● **What needs to be done**:
With the pictures left out, transcribe exactly the lines from the one with "Alastar Dimitrie as" through the end of the data.

● **Supplied material**:
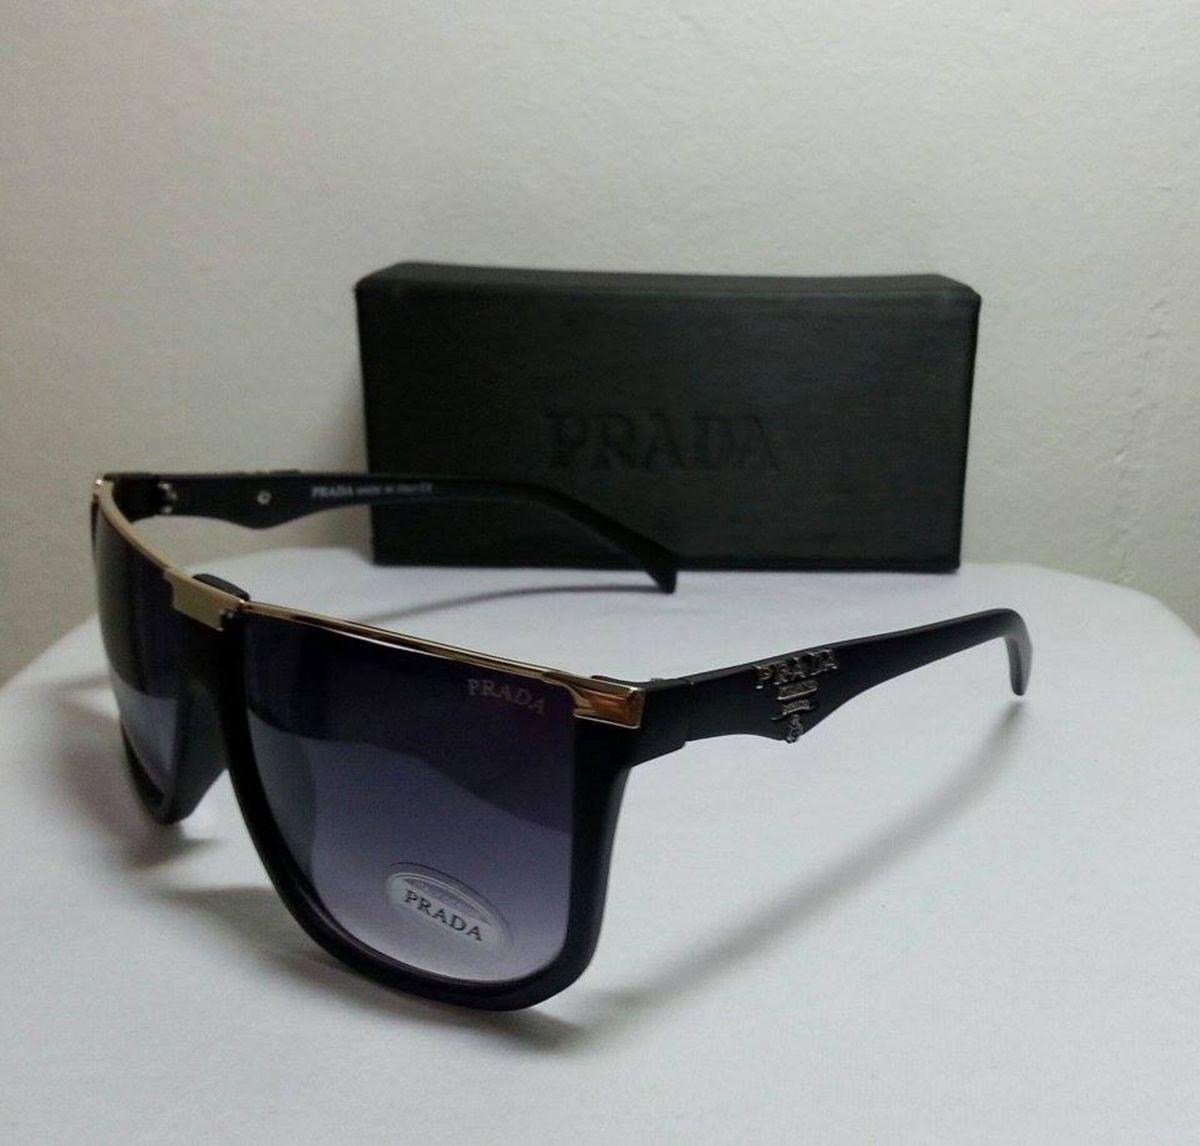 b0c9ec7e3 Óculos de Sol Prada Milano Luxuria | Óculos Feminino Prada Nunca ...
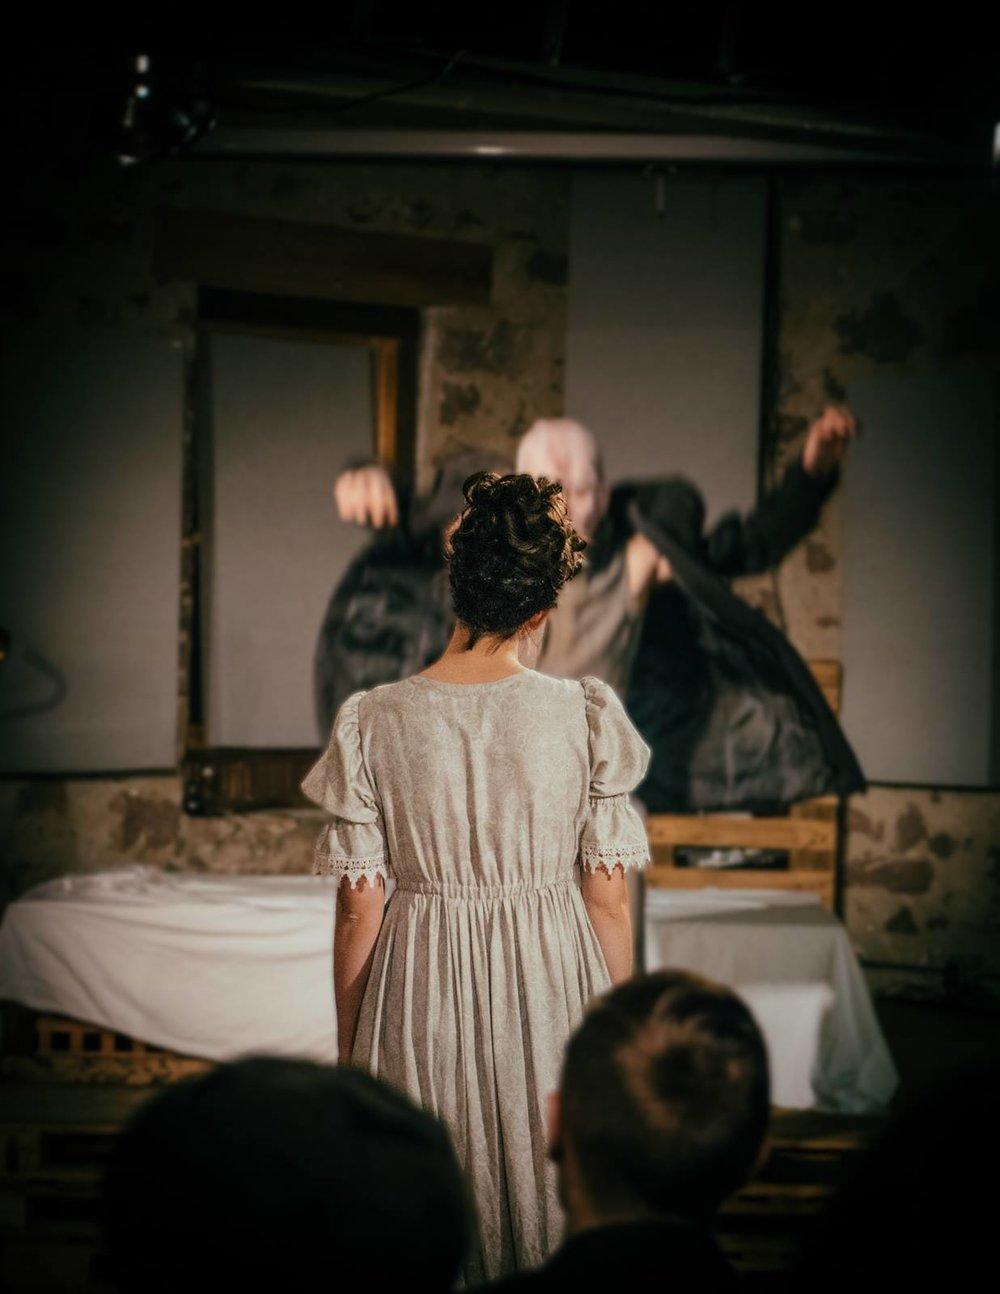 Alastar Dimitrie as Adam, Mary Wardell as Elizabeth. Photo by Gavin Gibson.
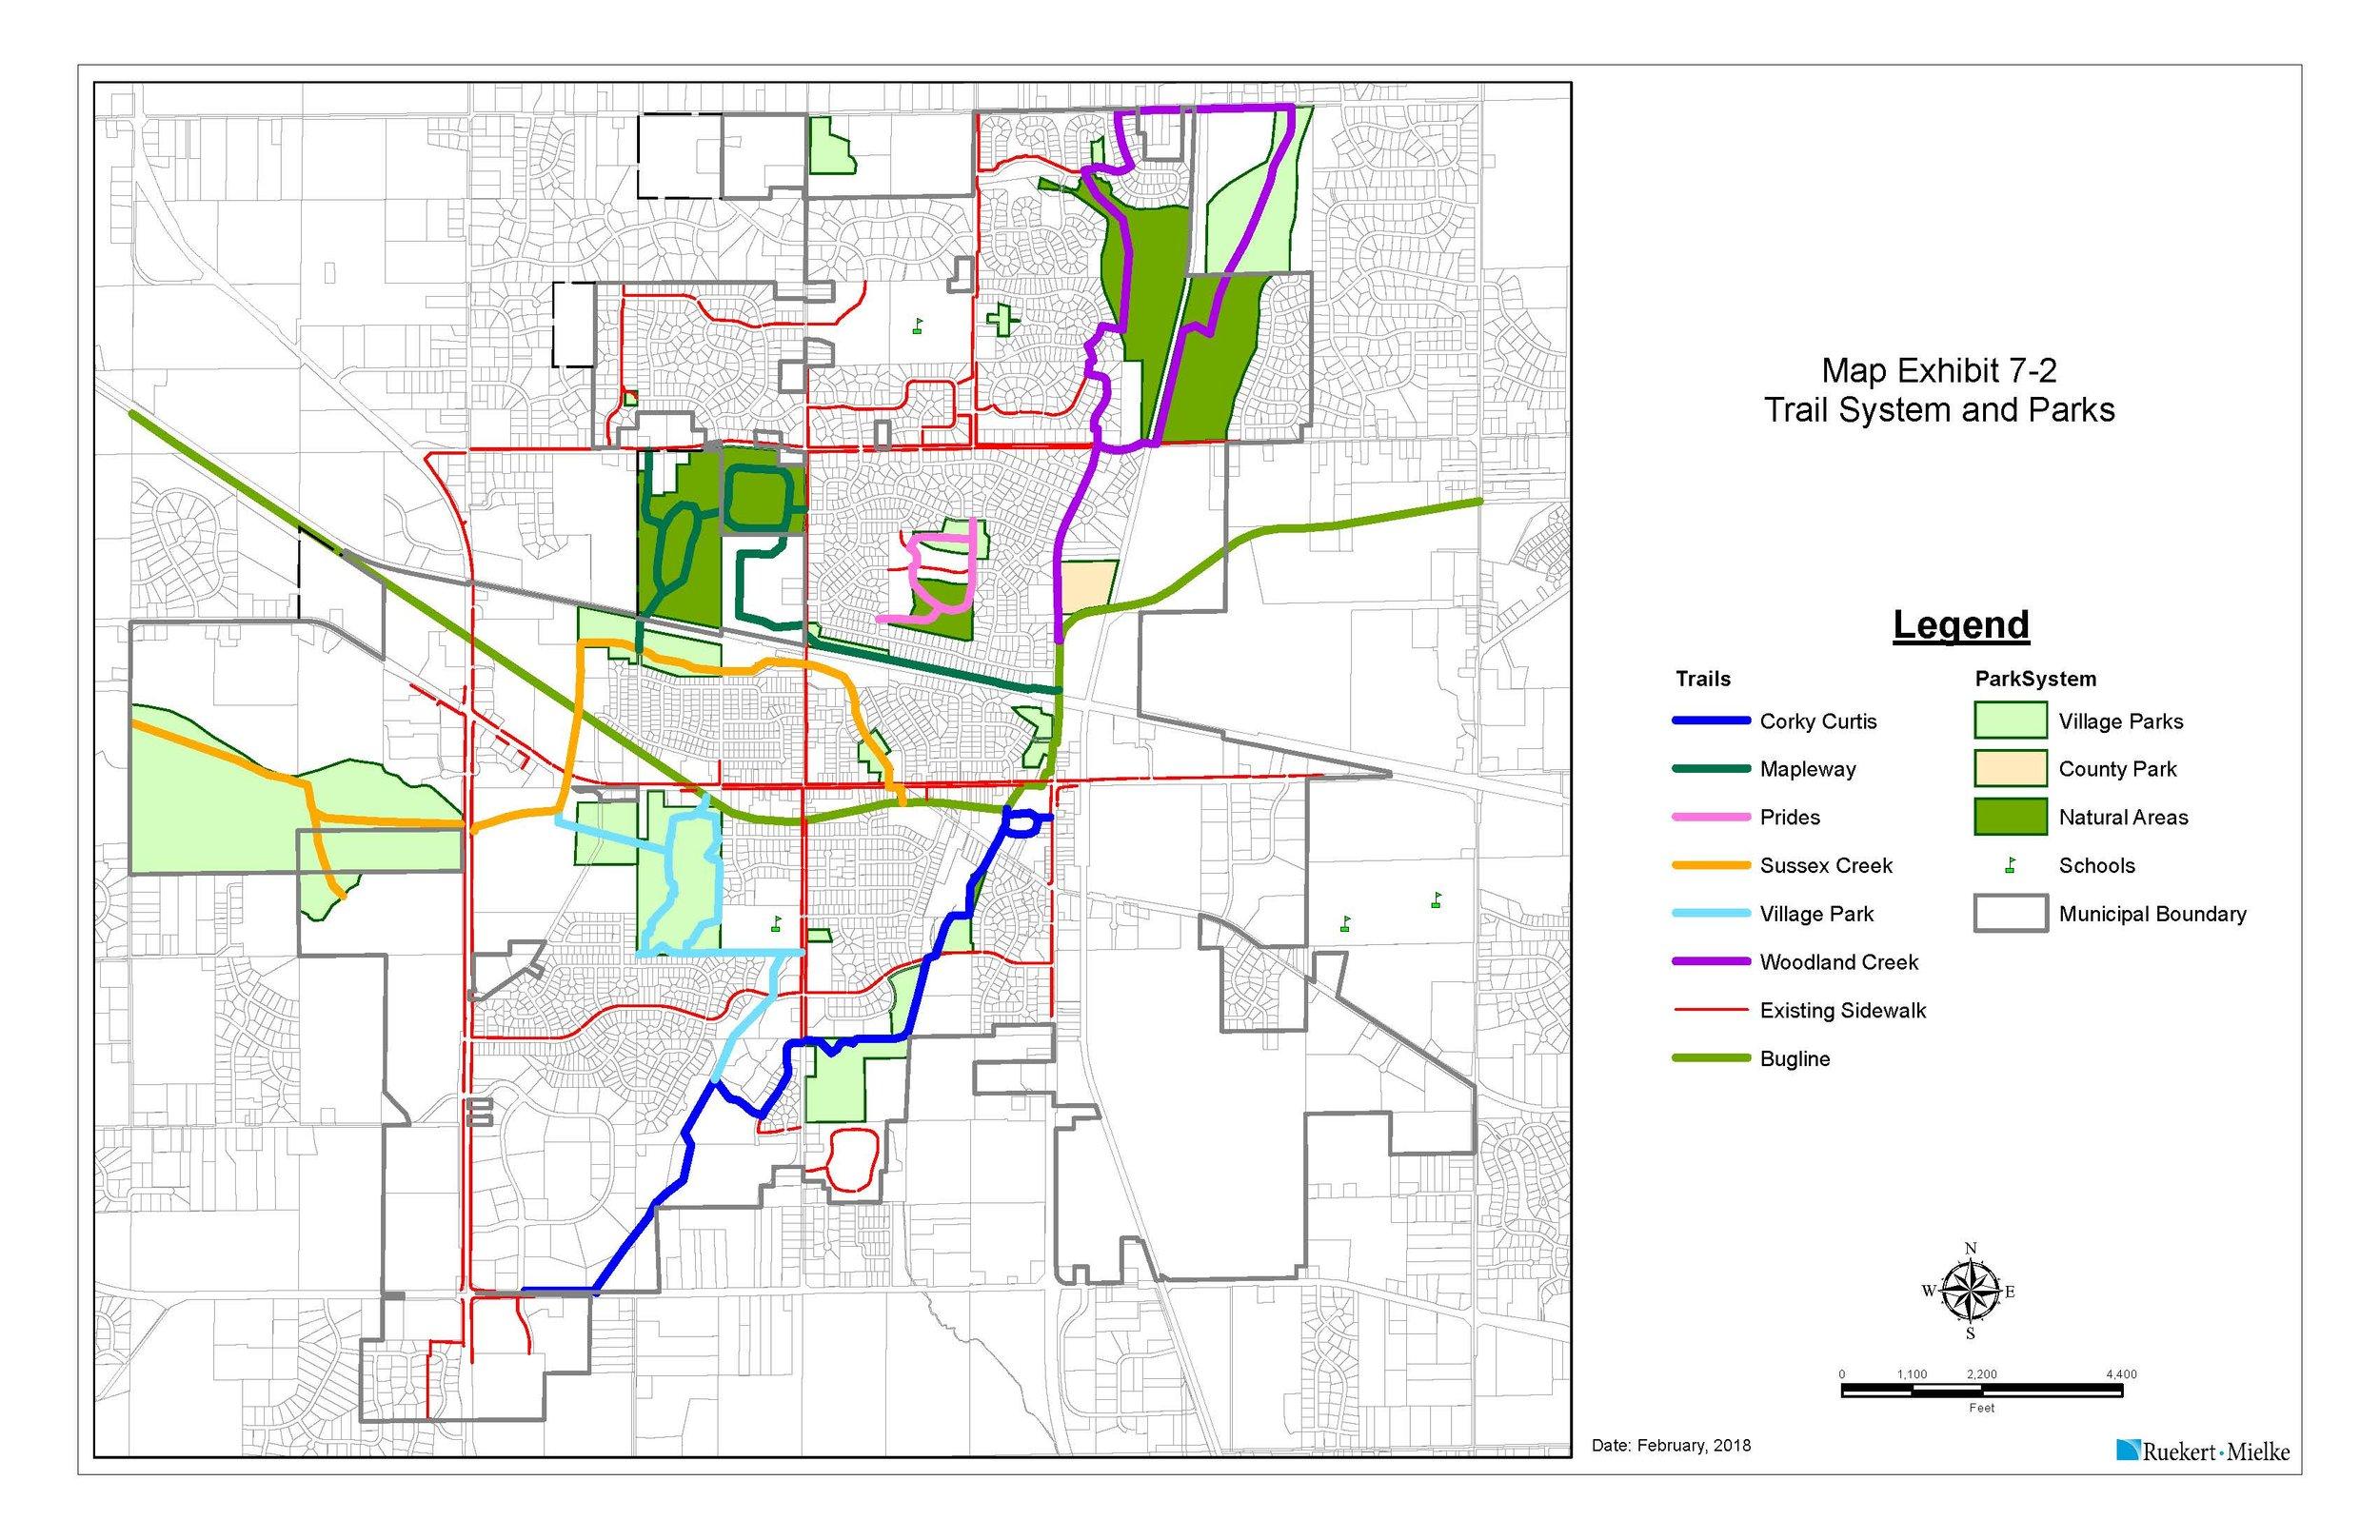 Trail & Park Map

● **Solved exercise**:
 Alastar Dimitrie as Adam, Mary Wardell as Elizabeth. Photo by Gavin Gibson.
 Trail & Park Map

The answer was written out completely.